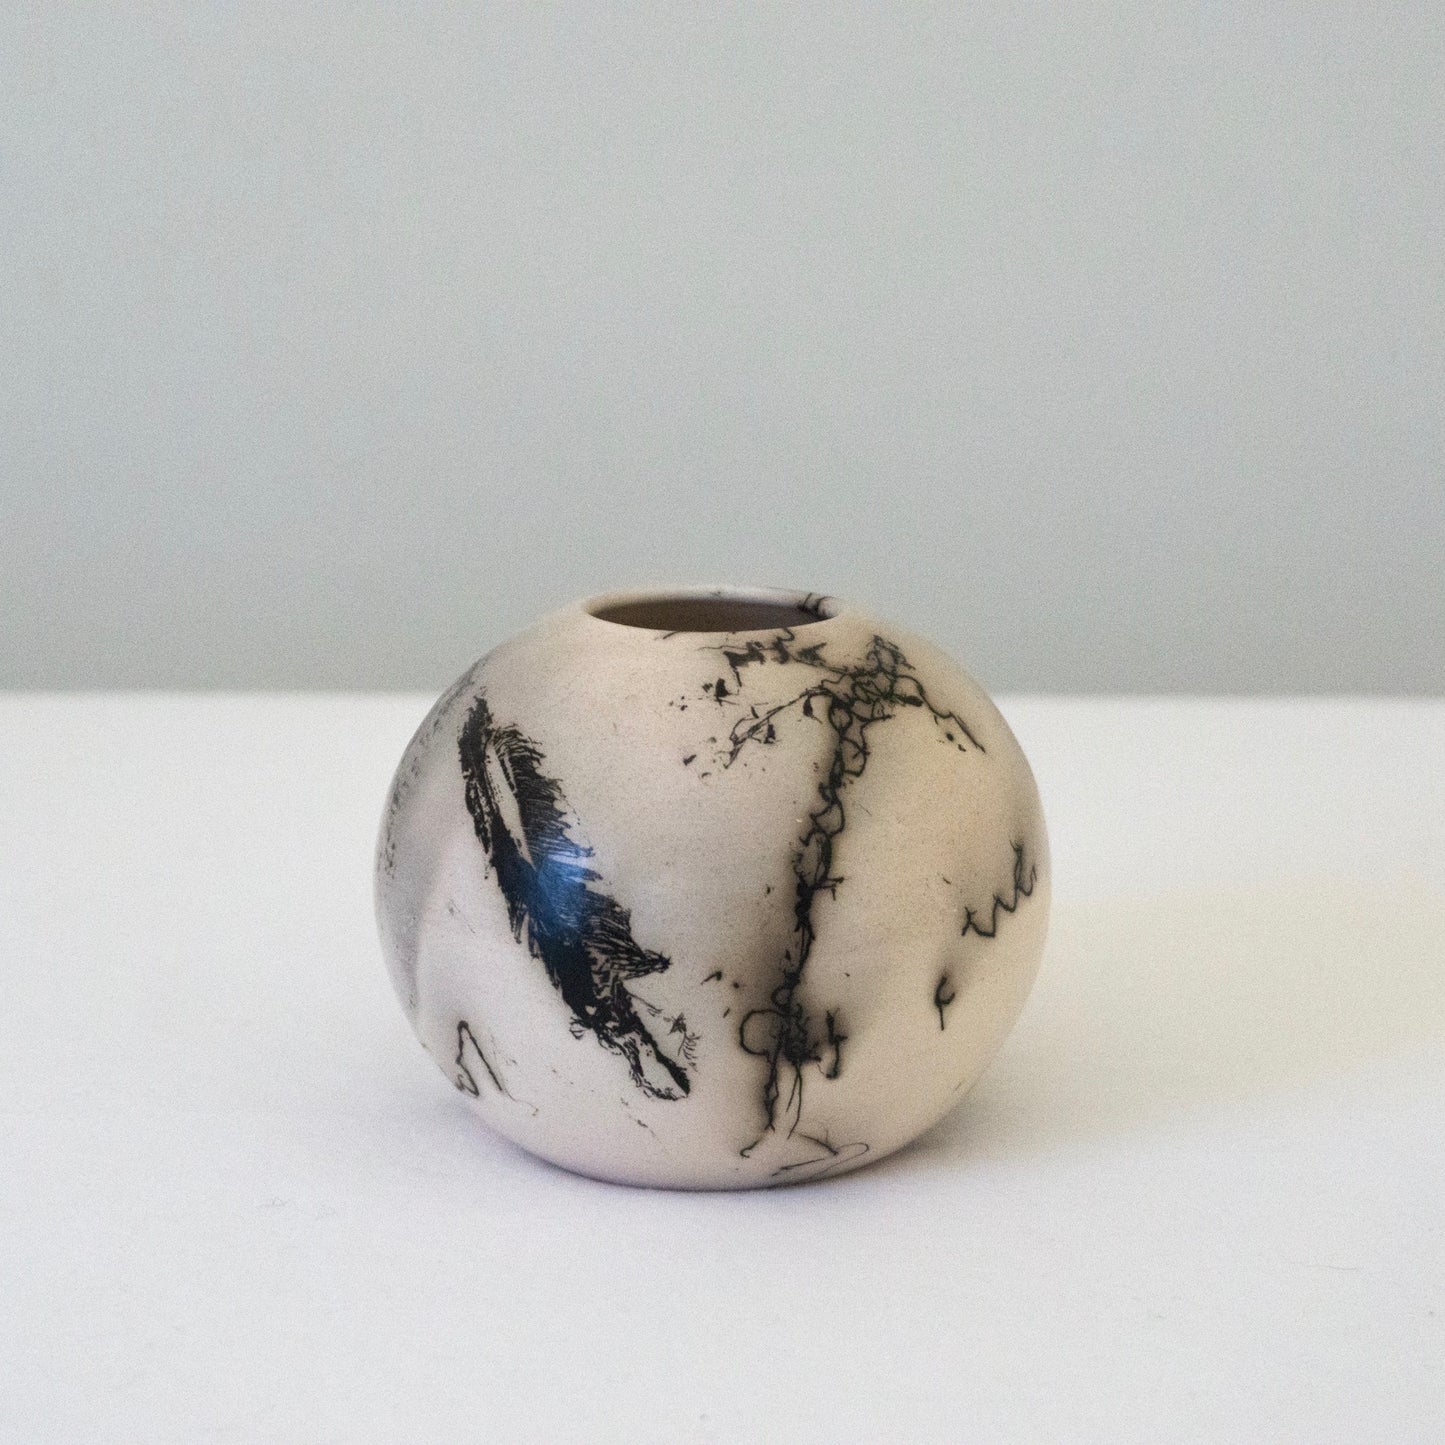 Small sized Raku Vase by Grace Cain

-- -- --

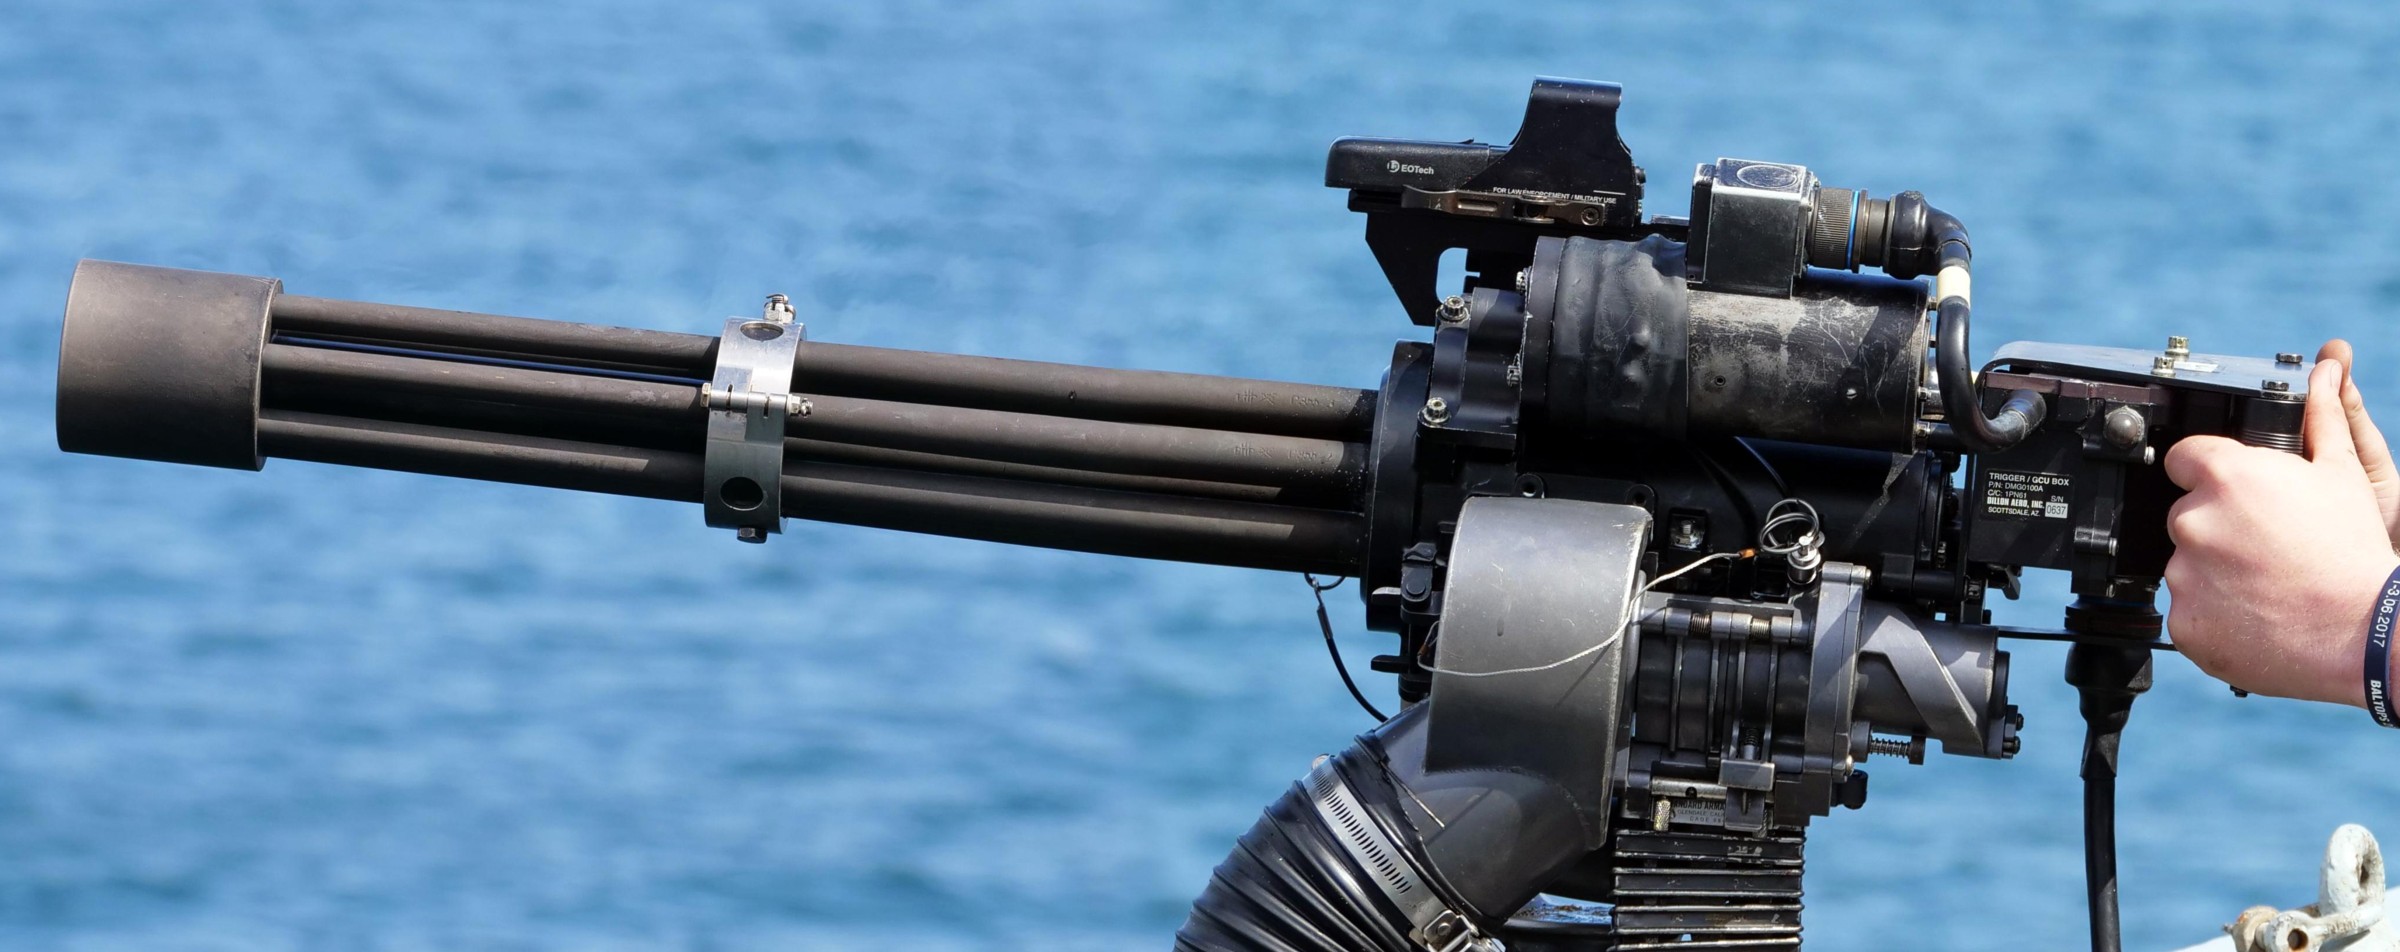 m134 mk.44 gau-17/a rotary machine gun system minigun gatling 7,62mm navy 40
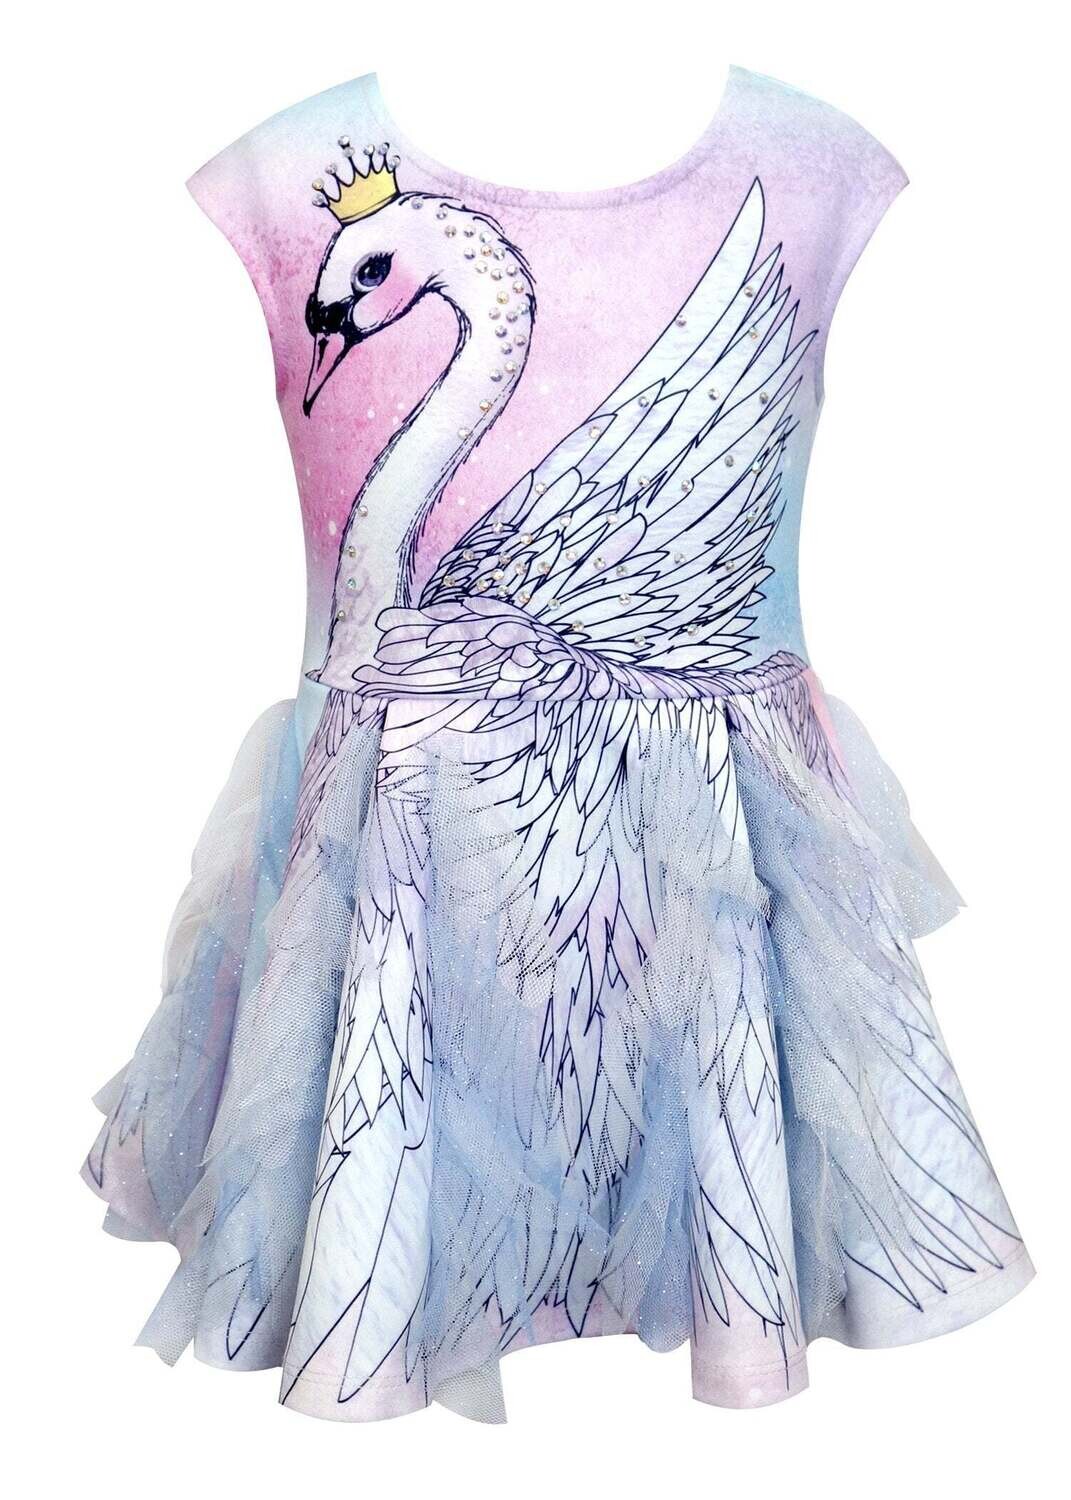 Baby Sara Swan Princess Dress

-- -- --

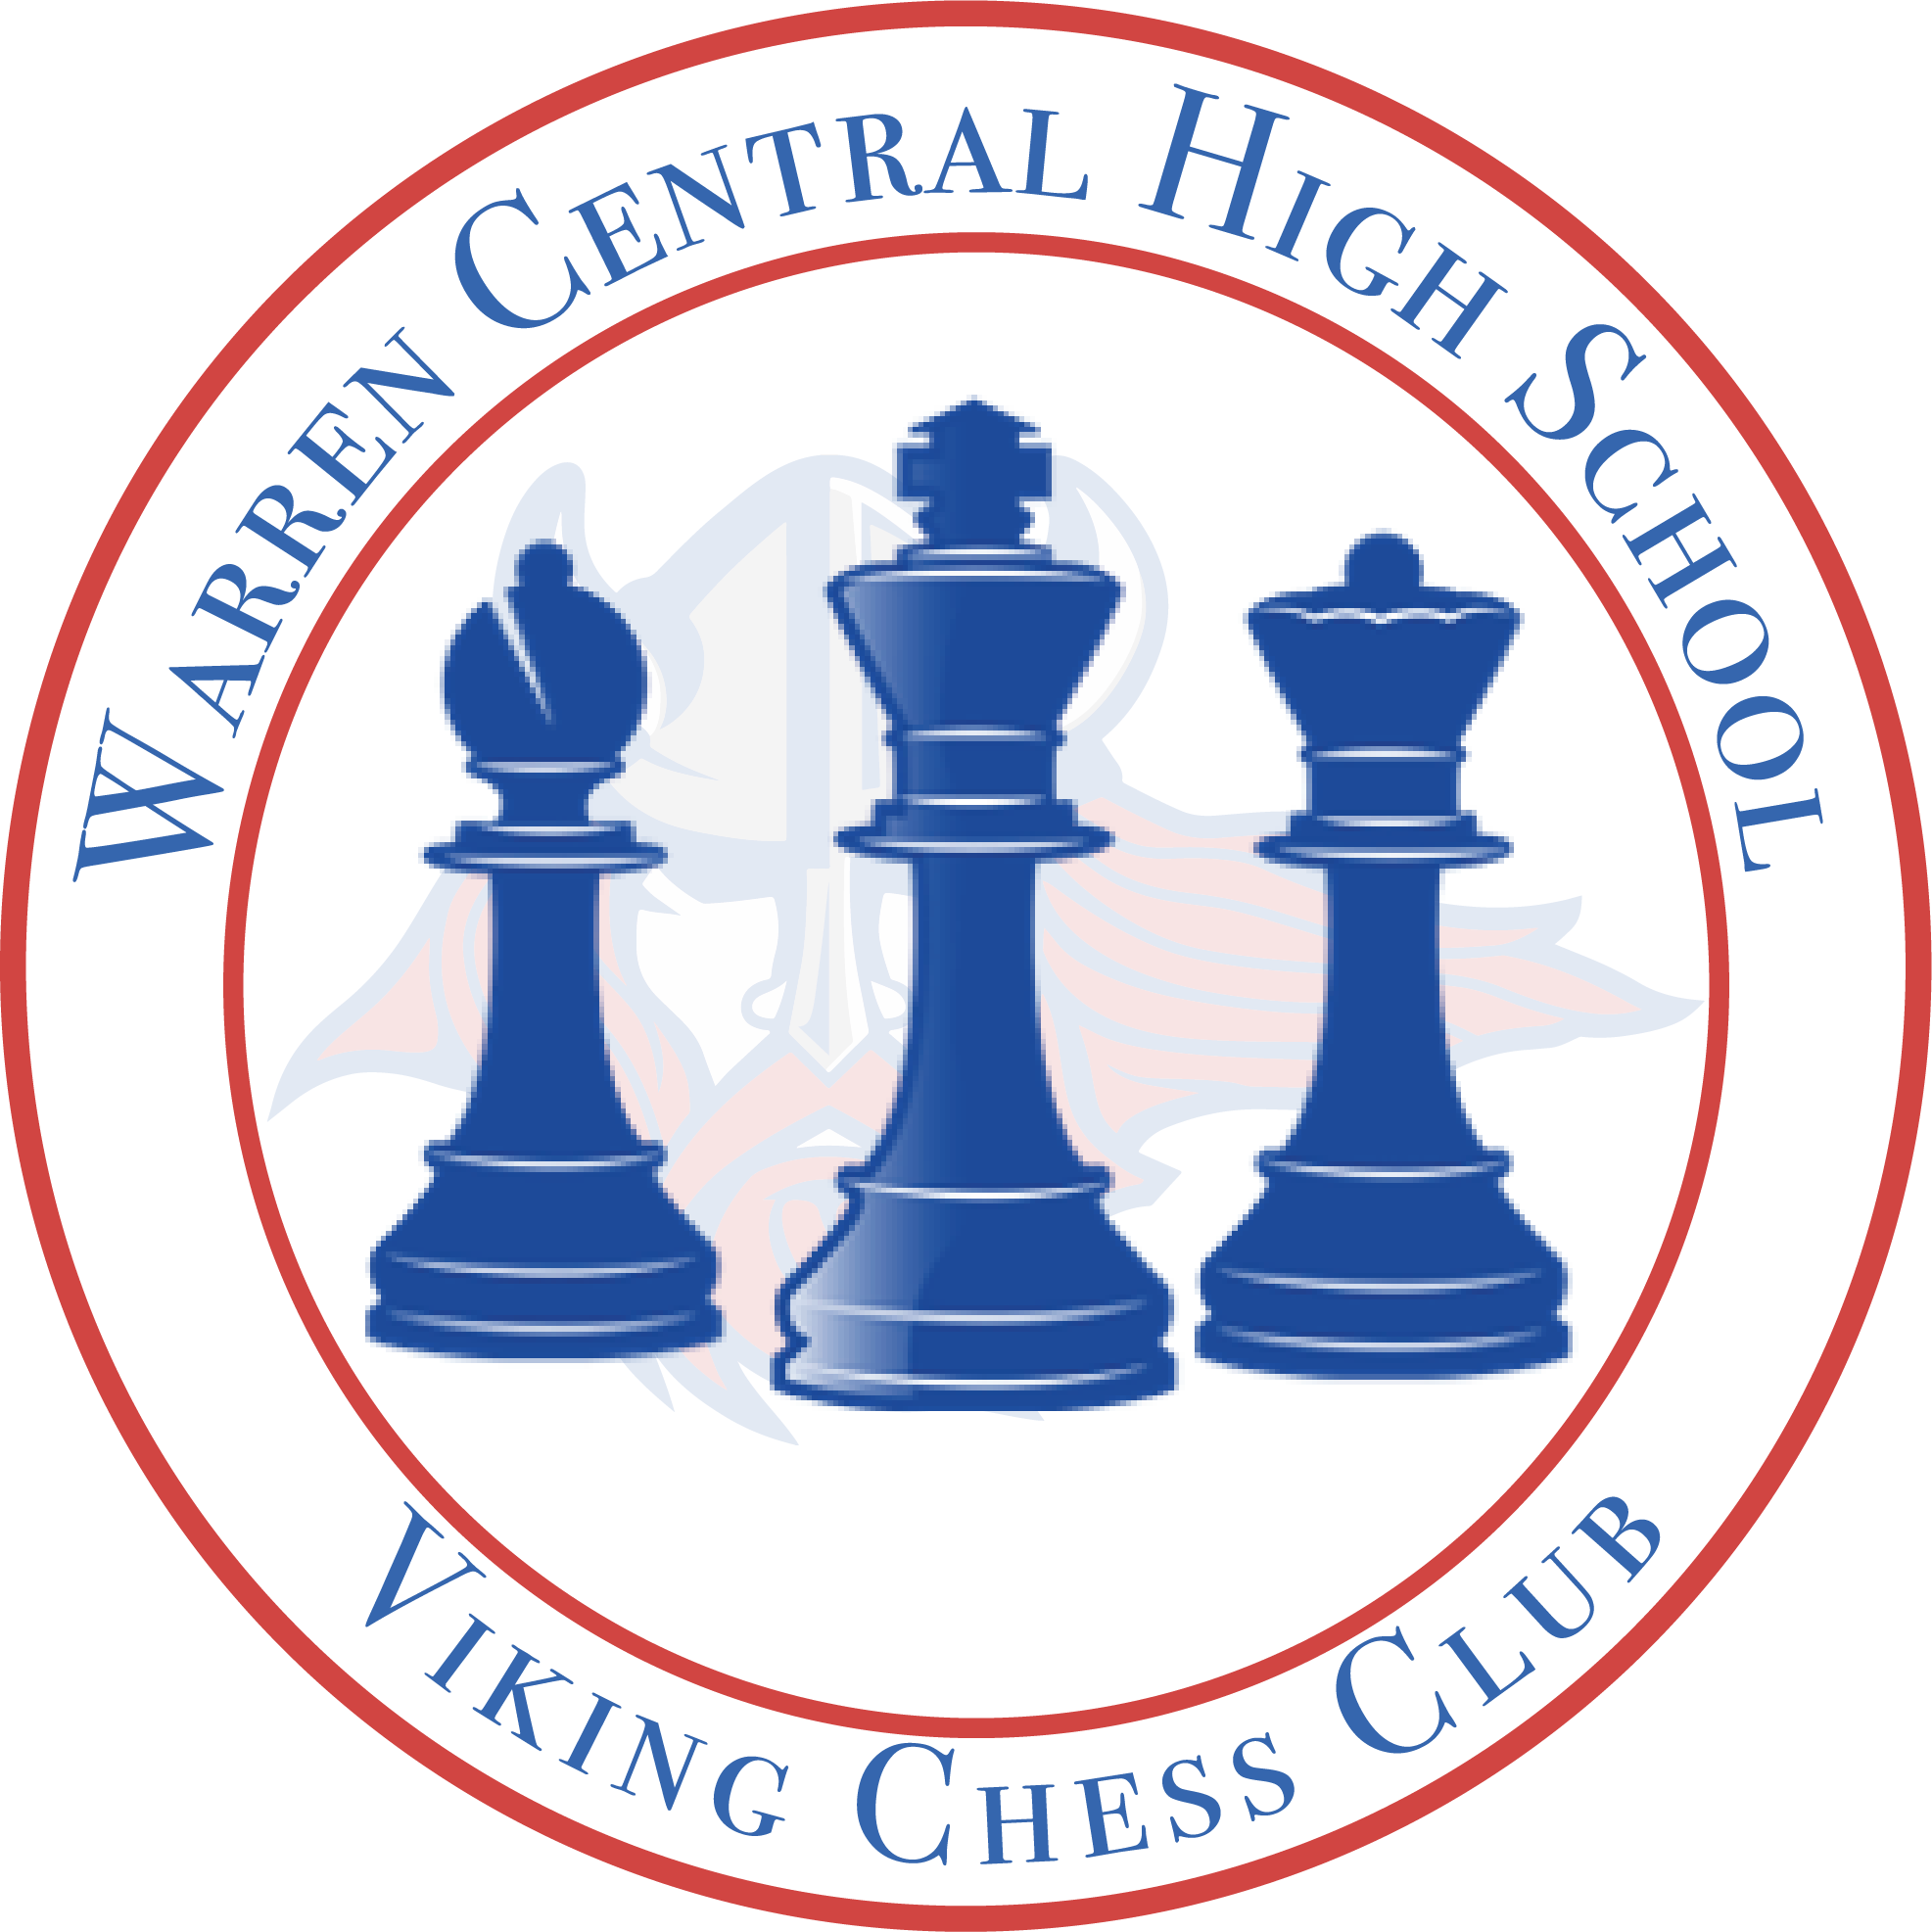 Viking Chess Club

-- -- --

• [Exercise prompt] Exact copy, pictures excluded: from the line with "m134 mk.44 gau-17/a" up to and including the line with "Baby Sara Swan Princess Dress" in the data above.

• [Result for this task]
 m134 mk.44 gau-17/a rotary machine gun system minigun gatling 7,62mm navy 40
 Baby Sara Swan Princess Dress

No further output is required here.